The backlog of unstudied antiquities is a widespread problem, says Alex Barker, director of MU’s Museum of Art and Archaeology. In 2014, Italy made the rare move of sharing such artifacts with collaborators who will ease the backlog, generate new knowledge of ancient Rome and start databases to which scholars worldwide will contribute. The Capitoline chose MU as its first international collaborator because it possesses faculty with expertise in cultural history, an accredited museum with a strong antiquities collection and a nuclear reactor that can make highly specialized measurements.
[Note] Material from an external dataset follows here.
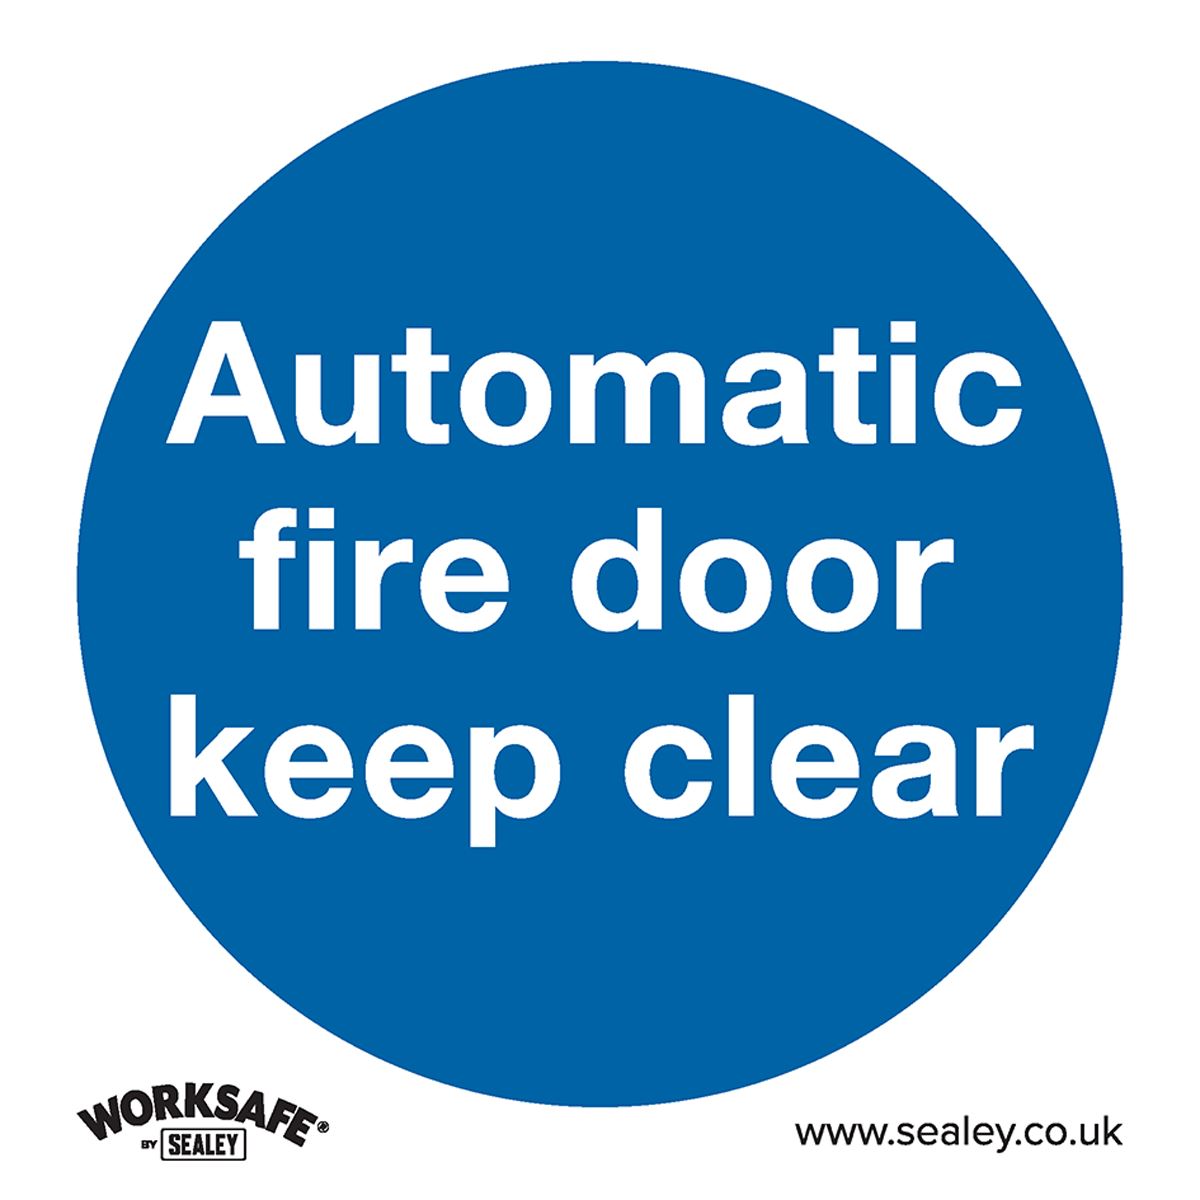 Worksafe by Sealey Mandatory Safety Sign - Automatic Fire Door Keep Clear - Rigid Plastic

To analyze the pots, Glascock drills into the broken edge of a shard. This allows him to extract clay powder while preserving the sample’s surface. He uses neutrons to irradiate the powder and then measures its gamma-ray emissions. For each pot, that gives him more than 30 of the clay’s elements — its chemical fingerprint. Of the 65 Roman pots analyzed so far, Glascock has identified three chemical fingerprints that are similar, and two others that are distinct, indicating the clays may come from multiple areas. Few museums permit such tests, but it’s the only way to reliably document the chemical “fingerprint” of an object, and thereby determine where it was made.
Clay pots were — and still are — part of everyday living. “We can watch the pulse of life through pots,” says Susan Langdon, professor and chair of the Department of Art History and Archaeology. “Pottery is durable, people make it constantly, and everyone needs it for cooking, serving and storage.” Ancient Romans used certain pot types in households and others in graves or shrines. “So, once we understand the shapes, pots can tell a lot about what’s going on in an archaeological site.”